How to Implement a Successful Risk-Based Vulnerability Management Program

Implementing a successful risk-based vulnerability management program involves more than committing to a process or selecting the right technology. As in most cases, success comes down to navigating the people, process, and technology aspects of an effective program.

To start, do you have the right people with the right skills, support, and resources to manage an effective risk-based process? You can define and document a mature risk assessment and management process complete with SLAs; however, if it does not account for knowledge gaps or the workloads of the people who ultimately address vulnerabilities and exposures, then you will not achieve the desired outcomes. Similarly, while technology is necessary and can automate processes and offload lower-value tasks, the successful implementation and adoption of technology requires effective change management and prerequisite expertise to make technologies fit into workflows and practices.

Given the cybersecurity talent gap and the imbalanced ratio between security and development teams, however, establishing processes and leveraging technologies to scale the effectiveness of people is necessary to keep pace with the challenge of cyber exposure. For many organizations, this is a strategic need to manage risk and ensure compliance without creating bottlenecks that slow the pace of business and innovation. RBVM breaks the paralysis of vulnerability overload by focusing teams on the smaller quantity of findings that matter.

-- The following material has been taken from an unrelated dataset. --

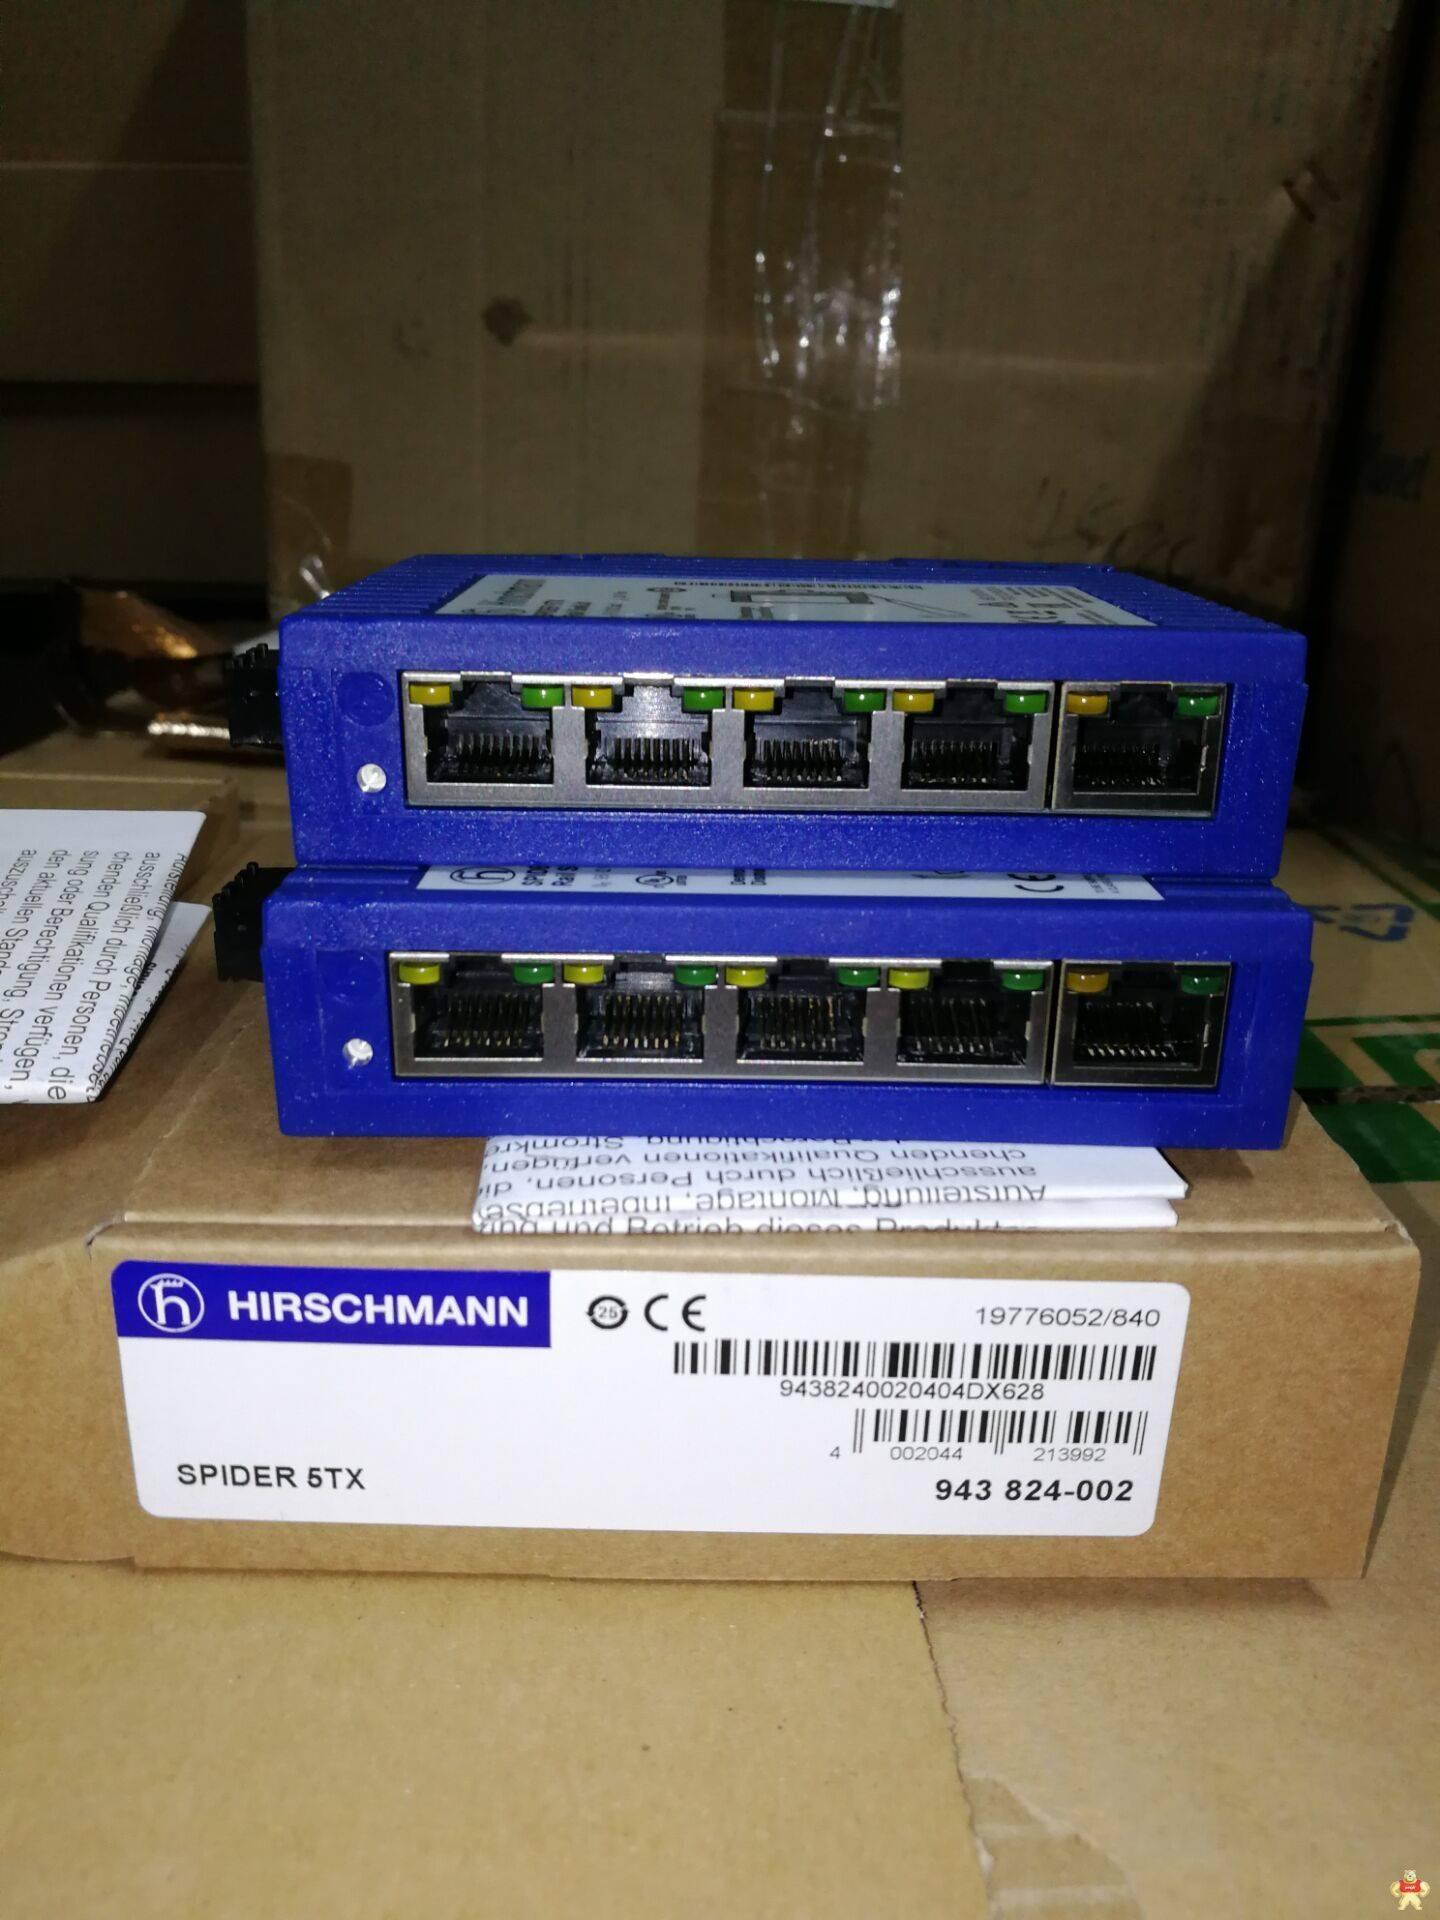 赫斯曼交换机SPIDER 5TX入门级 SPIDER 5TX,赫斯曼,赫斯曼交换机,赫斯曼工业交换机,工业交换机

And finally, technology makes this process possible for the people challenged to manage and execute it. At one level, you can’t fix what you can’t find. Organizations have a myriad of vulnerability detection tools – often with overlaps in capabilities and different teams using different tools. The challenge is often not one of coverage but complexity. Manually aggregating and correlating vulnerabilities, assessing risk, triaging, identifying asset owners, assigning tickets, and tracking SLAs and adherence is not scalable and ties up high-skilled and scarce security professionals. An RBVM solution like ArmorCode makes security investments 10X more effective by empowering security professionals to automate these processes and govern a risk-based program that transforms vulnerability management from the practice of finding vulnerabilities to proactively managing risks and lowering cyber exposure.

In conclusion, implementing a successful risk-based vulnerability management program is a multifaceted endeavor that hinges on the synergy of people, processes, and technology. Adopting and maturing a risk-based approach will equip you to proactively minimize your cyber exposure and fortify your expanding attack surface against an ever-evolving threat landscape.